Von Braun baissa légèrement le regard, comme pour se préparer à révéler l’impensable.
– Avec mes anciens confrères allemands, nous avions mis au point l’antigravité. Grâce à une société secrète.
Un silence lourd s’installa dans la pièce.
– Mais vous ne l’avez pas utilisée pour la guerre ?
– La guerre était déjà perdue à ce moment-là. Après l’échec de l’opération Barbarossa en 1942, nous savions que la contre-attaque soviétique était inévitable. Nous avons néanmoins réussi à fabriquer quelques vaisseaux.
– Et vous les avez envoyés où ?
– Nous craignions que les Alliés mettent la main sur cette technologie. Nous avons donc évacué la flotte vers l’endroit le plus inaccessible du globe : l’Antarctique. Nous l’avons surnommée… la Flotte Noire du Quatrième Reich.
Gene détourna le regard, le temps de digérer l’avalanche de révélations.
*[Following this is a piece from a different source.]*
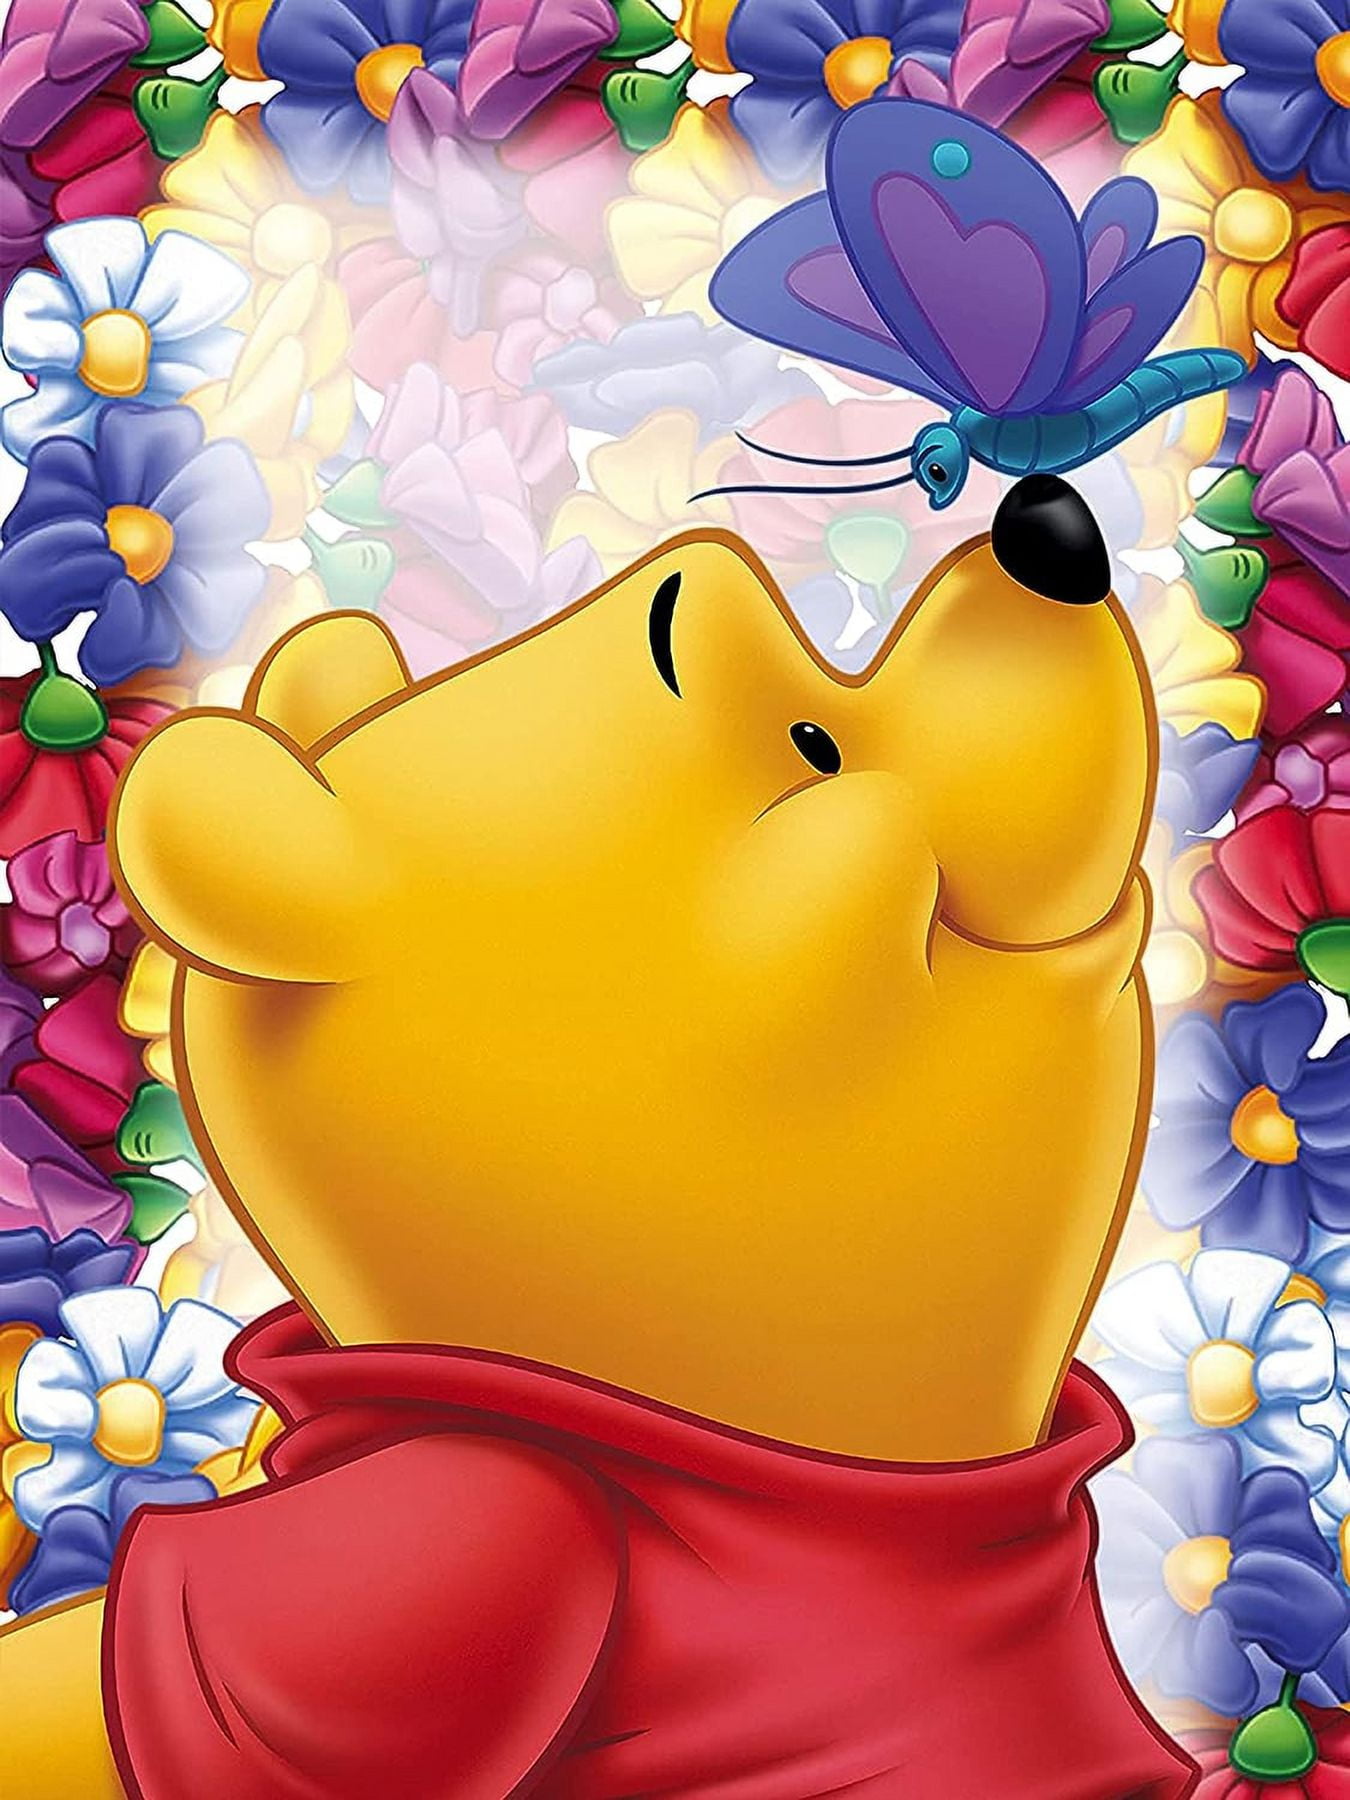 89 Winnie the Pooh Diamond Painting ideas

Lorsqu’il reprit la parole, sa voix avait perdu toute chaleur.
– Mais… le gouvernement des États-Unis aurait fini par être au courant. Tôt ou tard.
– Exactement. C’est pour cela qu’ils ont lancé l’opération Highjump, organisée par l’amiral Byrd, en 1946.
– Une mission scientifique en Antarctique… quel rapport ?
Von Braun esquissa un sourire sans joie.
– Une mission scientifique composée de treize navires et de trente avions de guerre.
Kranz se redressa.
– Vous voulez dire qu’il s’agissait d’une opération militaire déguisée ?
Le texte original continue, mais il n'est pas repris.